What’s My Line?

You know, I’m a fan of Lonesome Dove. I find a lot of meaning in Larry McMurtry’s characters. One character in particular reflects an individual who floats through life using situations, people, and opportunities to his advantage. Jake Spoon is what Augustus McCrae calls a leaky vessel, someone you just simply can’t count on to be there or to do things right. In a fateful scene in the movie, we can see the struggle Jake faces with personal responsibility. When Gus accuses him of crossing the line between being a citizen or an outlaw, his response is one with which perhaps many individuals today can relate.

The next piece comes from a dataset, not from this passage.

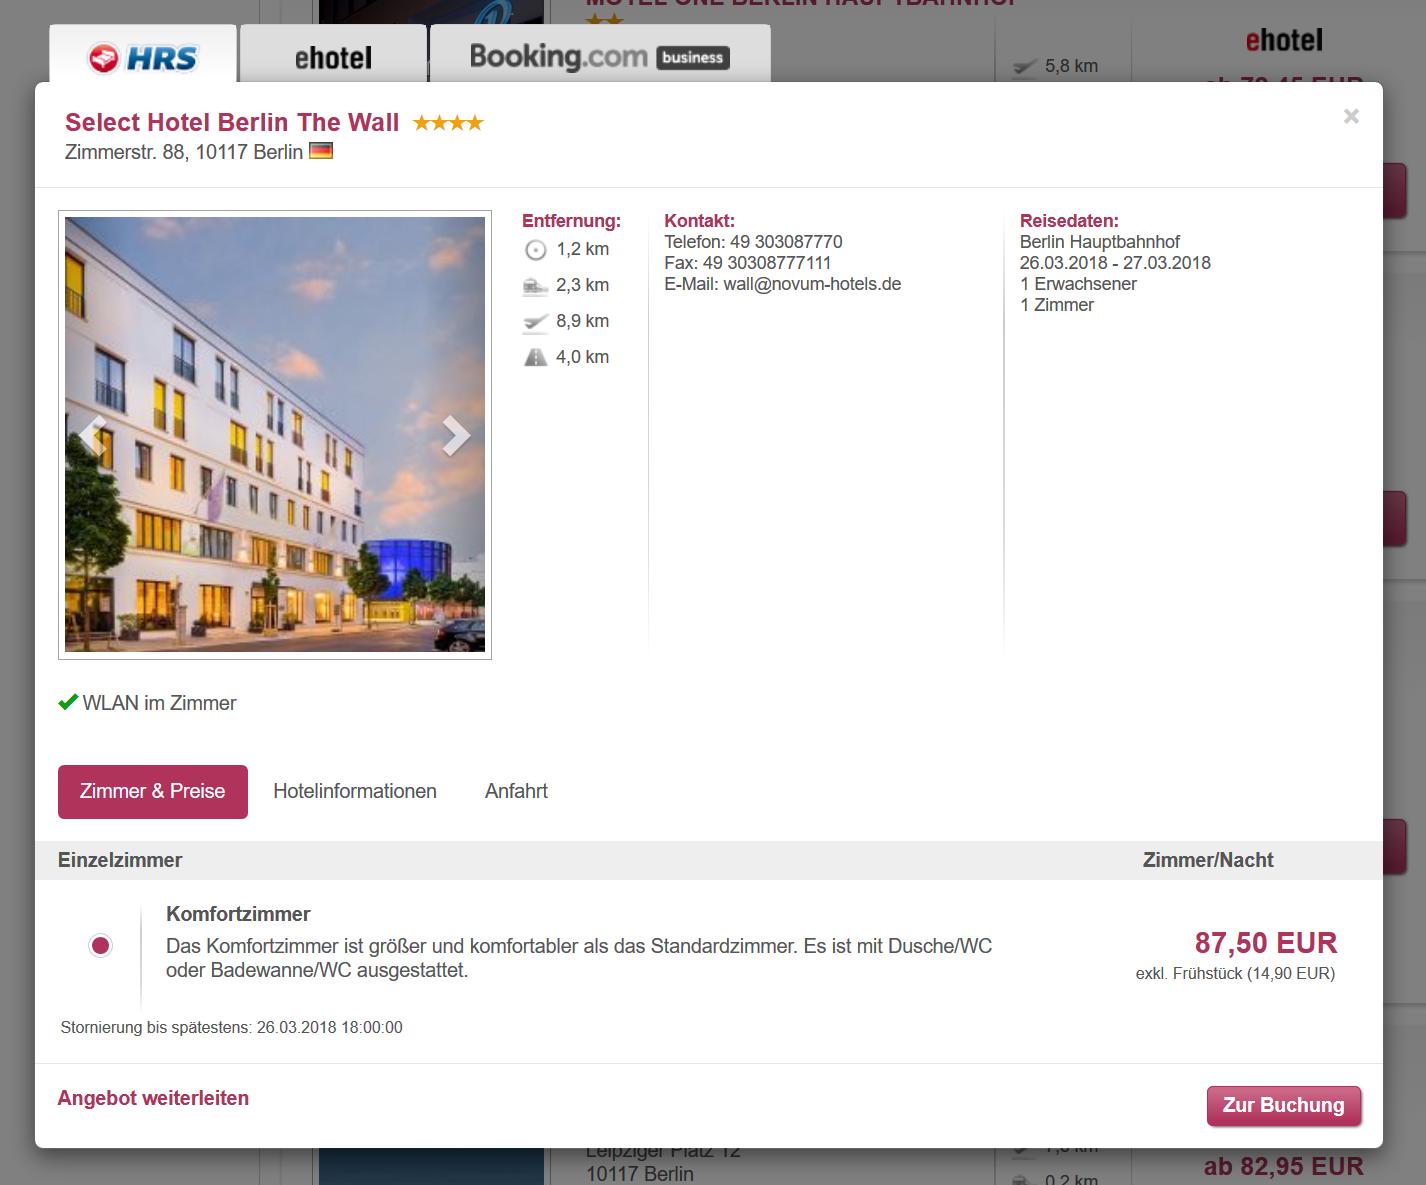 Hotelauswahl Und Buchung Atlatos Gmbh
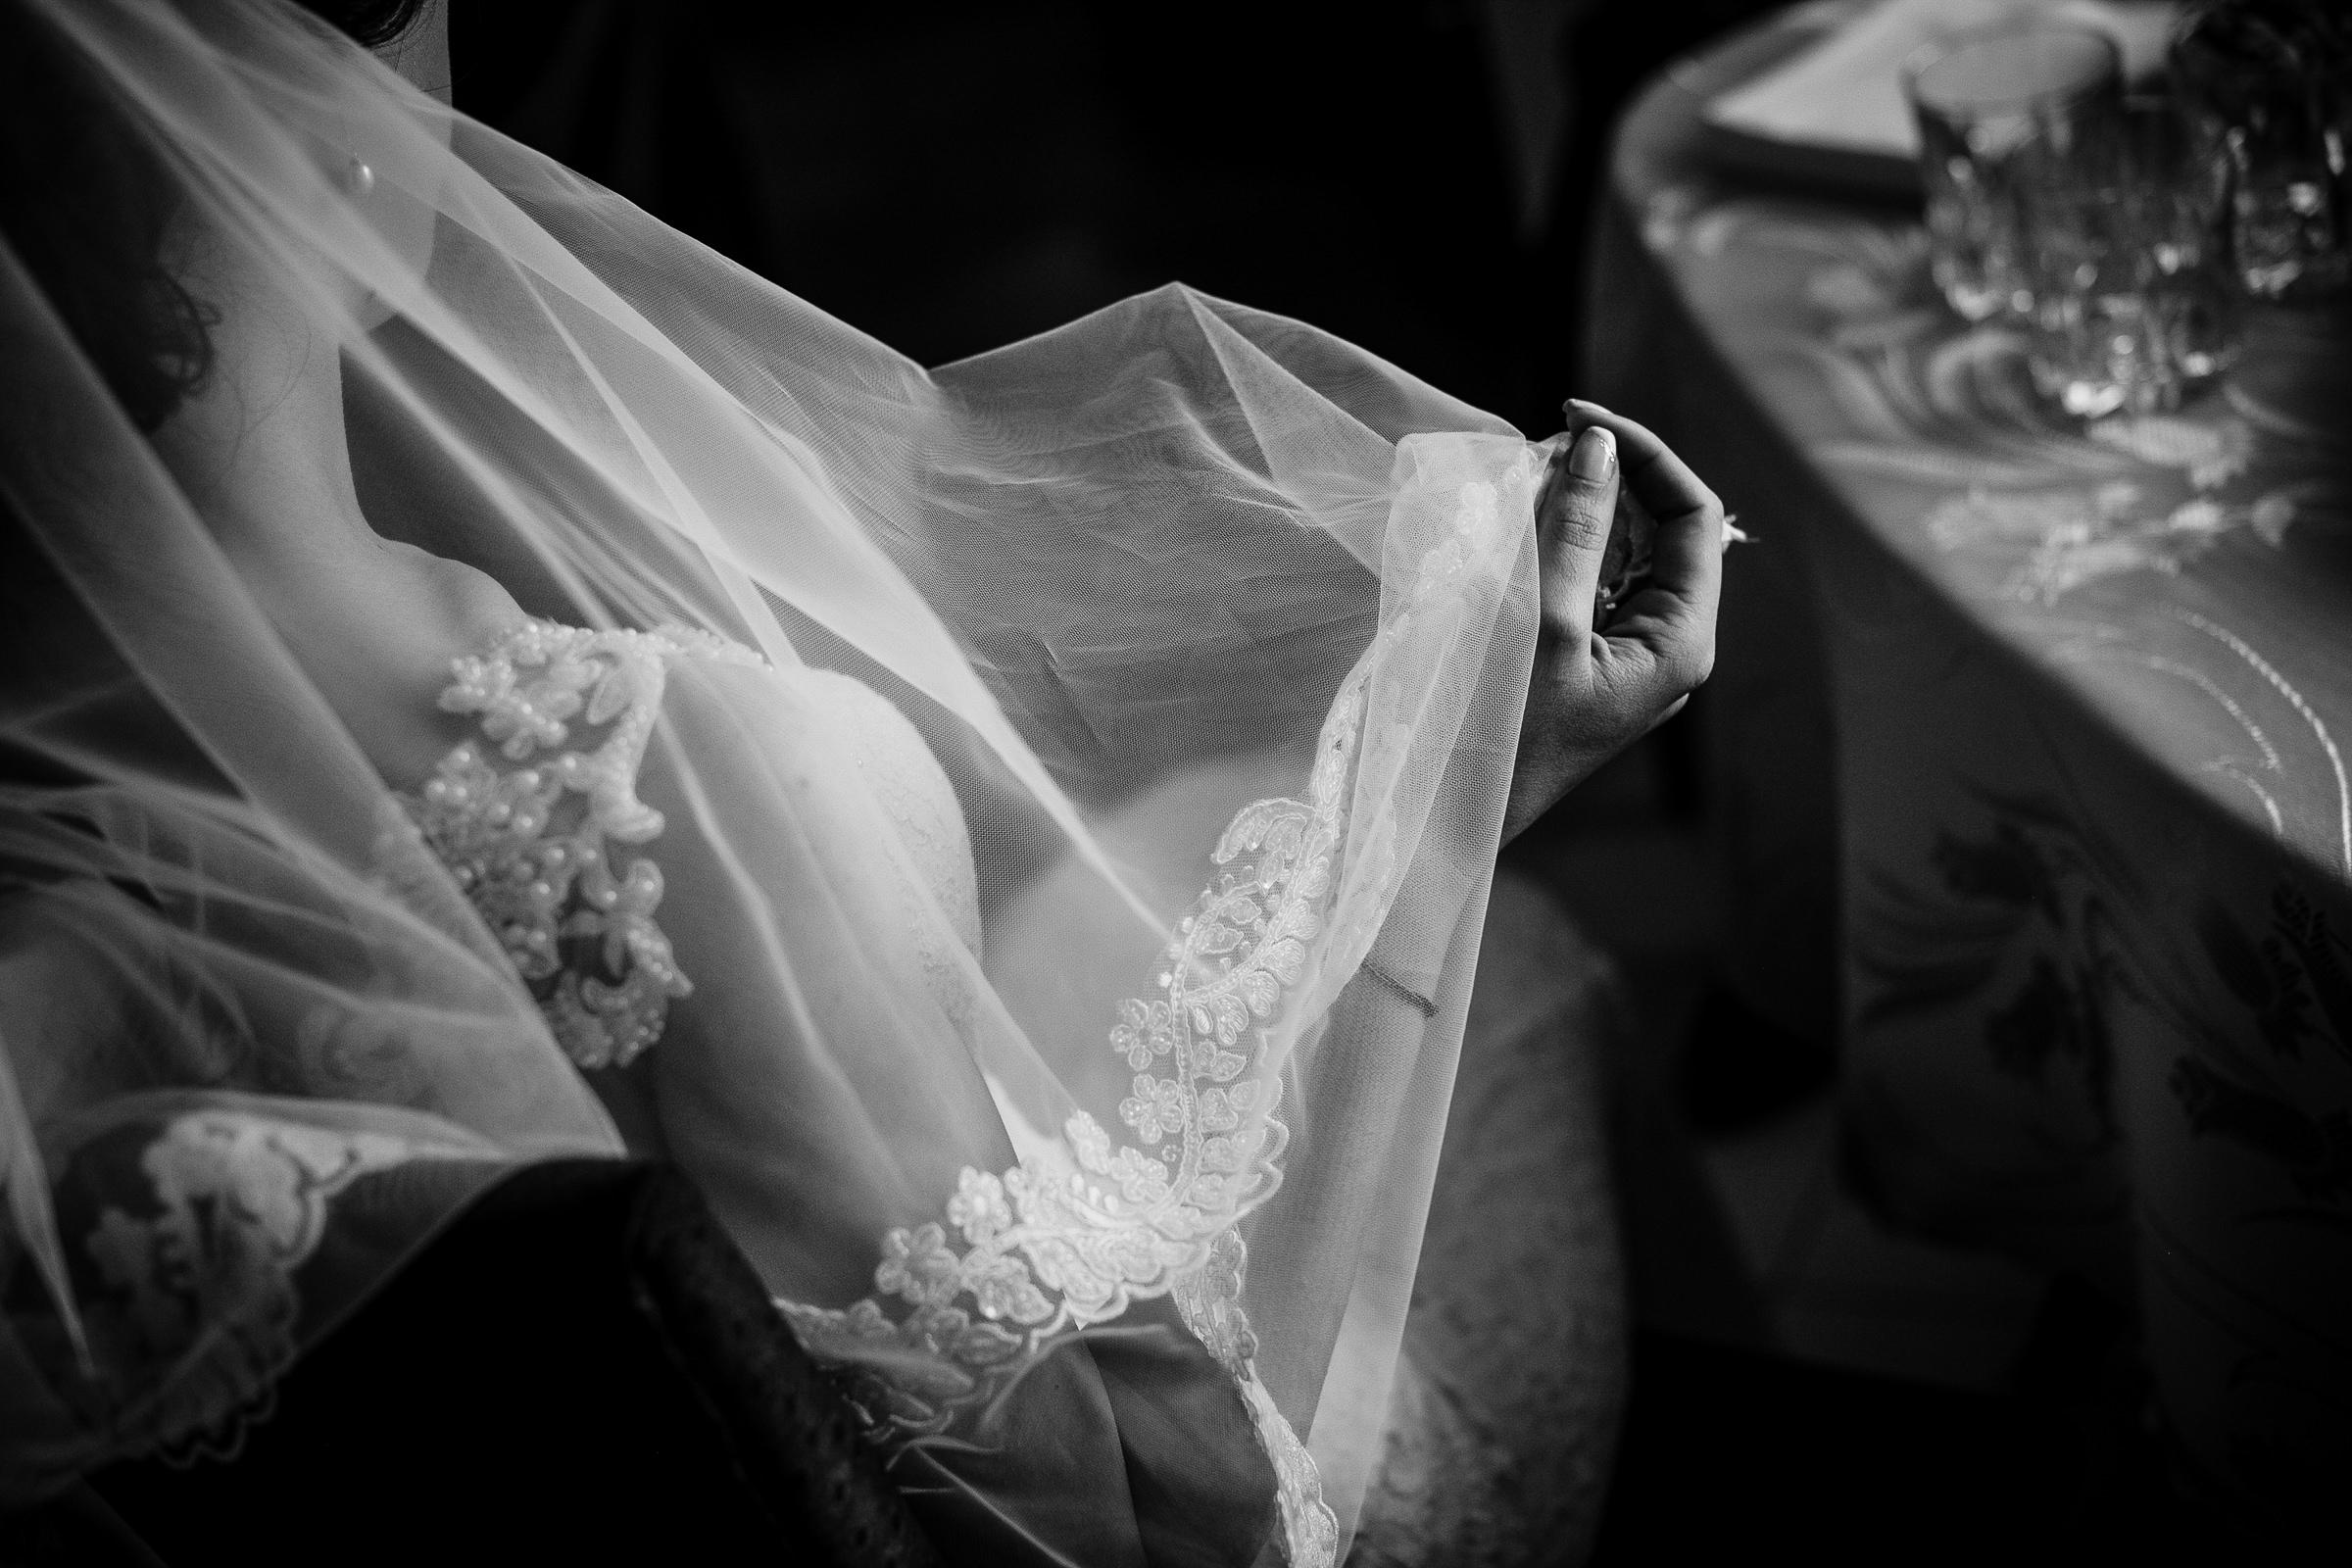 Detail of bride putting on veil - photo by Deliysky Studio

“I didn’t see no line, Gus.”

In life we come against a lot of lines – lines which separate organization from chaos, good from bad, happy from sad, and life from death. As a society we have drawn lines. Some are helpful. They help us live peacefully together, such as lines of law and order. Others help us establish boundaries – city limits, county lines, state lines, and property lines. Often lines can help to keep us safe – caution lines, traffic lines, and fence lines. Other lines help entertain us – I’m thinking of goal lines, free-throw lines, and finish lines.

Other lines aren’t helpful at all, like the lines we draw between ourselves. Lines which classify us, and divide us – race, ethnicity, age, sex, politics, and religion. These aren’t lines we’ve drawn for positive use in our society, they are lines which have become walls to separate us from each other. These are the lines that many hope to erase within our society, our country, and the world.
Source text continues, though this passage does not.